- Theatrical release poster by Joseph Smith
- Directed by: Jack Arnold
- Screenplay by: Harry Essex
- Story by: Ray Bradbury
- Produced by: William Alland
- Starring: Richard Carlson Barbara Rush
- Cinematography: Clifford Stine
- Edited by: Paul Weatherwax
- Music by: Joseph Gershenson (supervision) Uncredited: Irving Gertz Henry Mancini Herman Stein
- Color process: Black-and-white
- Production company: Universal Pictures
- Distributed by: Universal-International
- Release date: June 5, 1953;
- Running time: 80 minutes
- Country: United States
- Language: English
- Budget: $800,000
- Box office: $1.6 million (rentals)

= It Came from Outer Space =

1953 US science fiction film directed by Jack Arnold

It Came from Outer Space is a 1953 American science fiction horror film, the first in the 3D process from Universal-International. It was produced by William Alland and directed by Jack Arnold. The film stars Richard Carlson and Barbara Rush, and features Charles Drake, Joe Sawyer, and Russell Johnson. The script is based on Ray Bradbury's original film treatment "The Meteor" and not, as sometimes claimed, a published short story.

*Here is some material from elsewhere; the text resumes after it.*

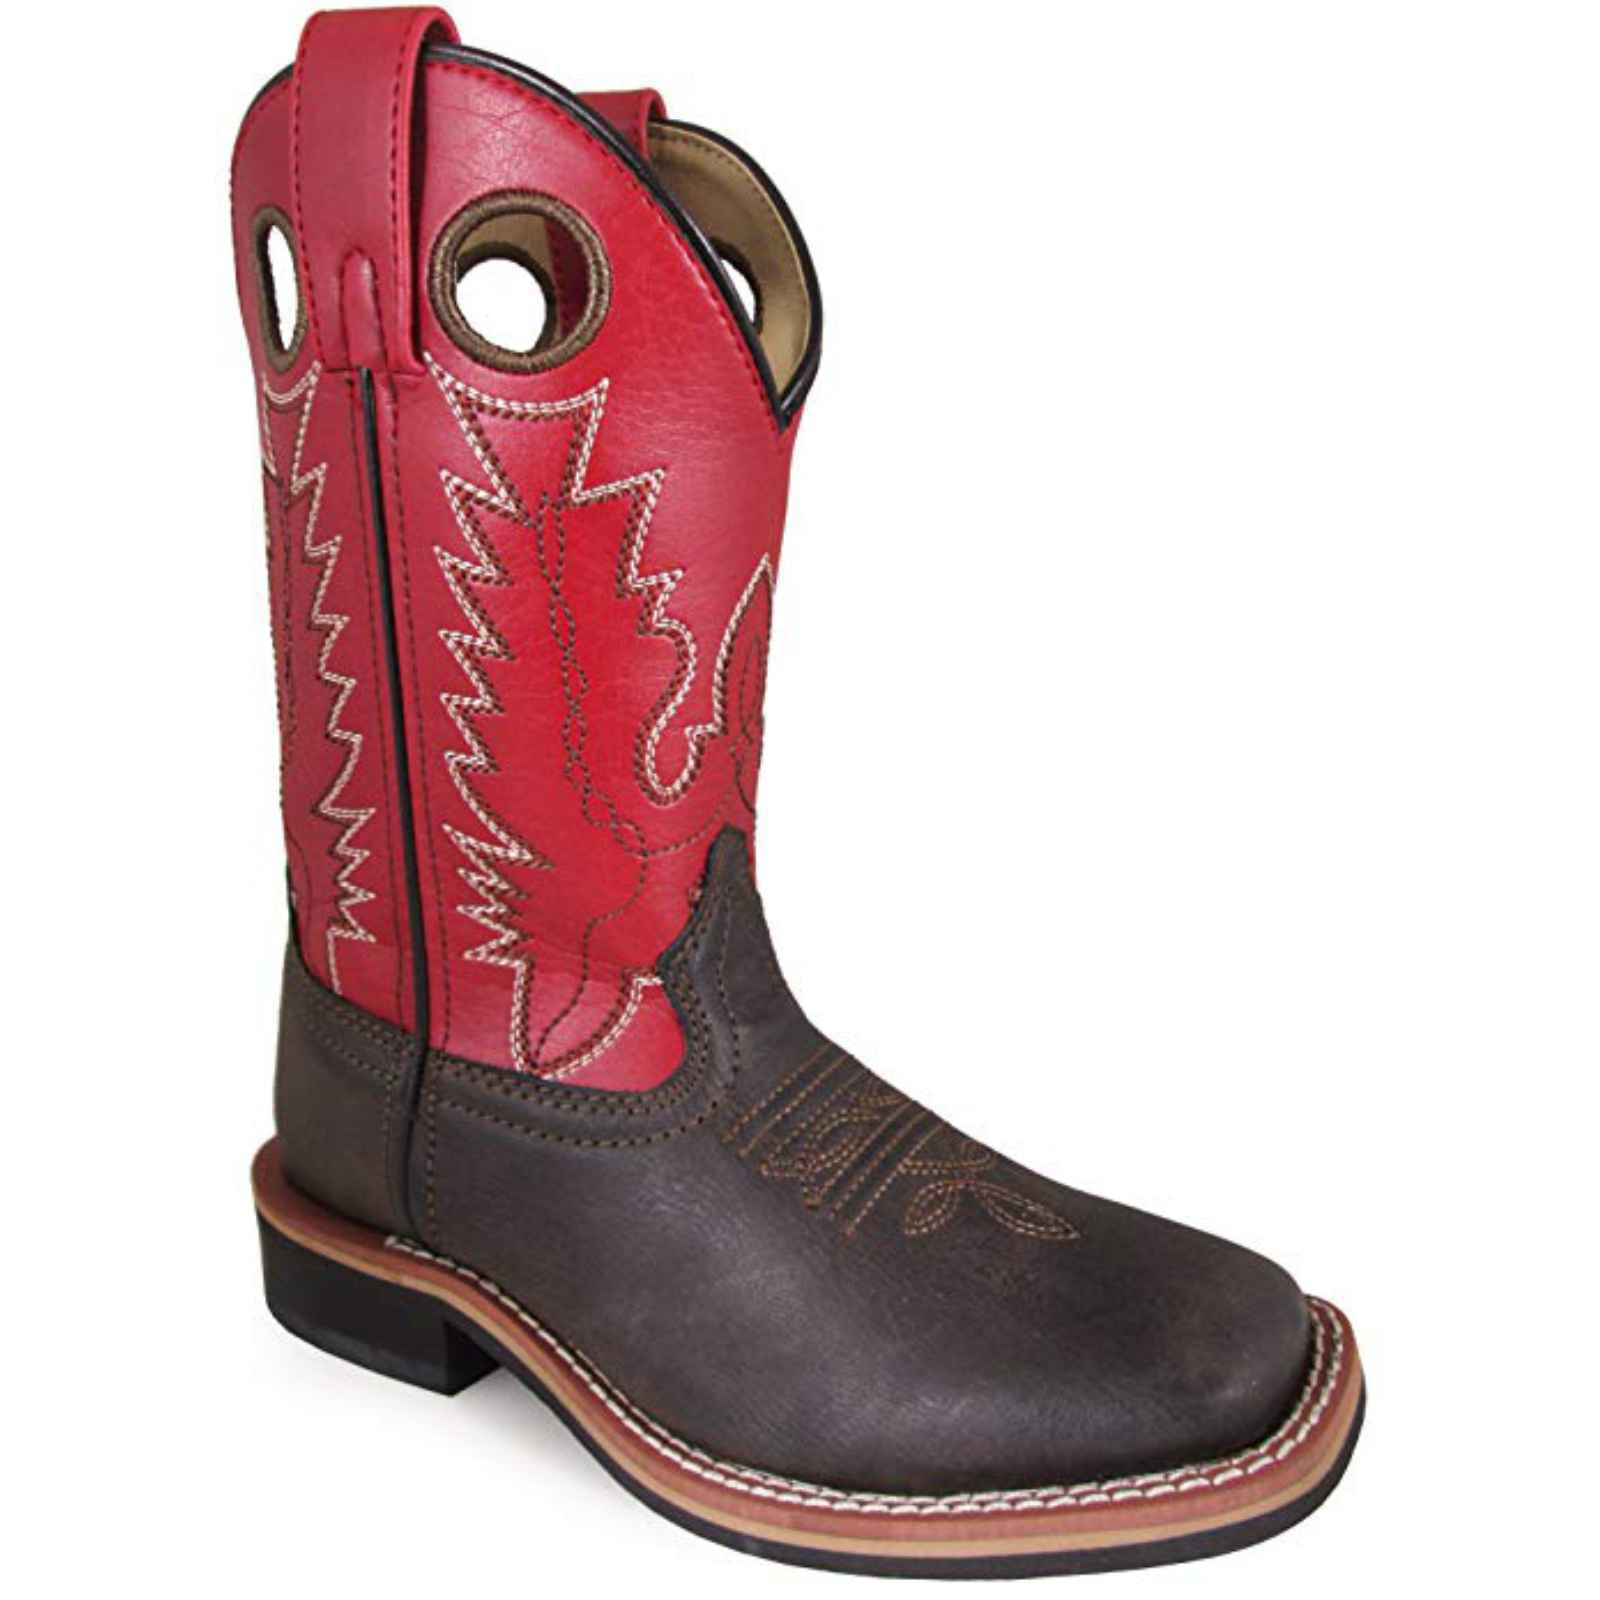 Smoky Mountain Youth Boys Buffalo Brown/Black Leather Cowboy Boots

It Came from Outer Space tells the story of an amateur astronomer and his fiancée who are stargazing in the desert when a large fiery object crashes to Earth. At the crash site, he discovers a round alien spaceship just before it is completely buried by a landslide. When he tells the local sheriff and newspaper editor what he saw, he is branded a crackpot. Before long, odd things begin to happen, and the disbelief turns hostile.

==Plot==

Author and amateur astronomer John Putnam and schoolteacher Ellen Fields watch a large meteorite crash near the small town of Sand Rock, Arizona. They awaken a neighbor, who has a helicopter, and all three fly to the crash site. Putnam climbs down into the crater and notices a partially buried round object in the crater's pit. He comes to the realization, after he sees a six-sided hatchway close, that this isn't a meteorite, but a large alien spaceship. The hatchway's noise triggers a landslide that completely buries the craft. Putnam's story is later scoffed at by Sand Rock's sheriff and the local news media.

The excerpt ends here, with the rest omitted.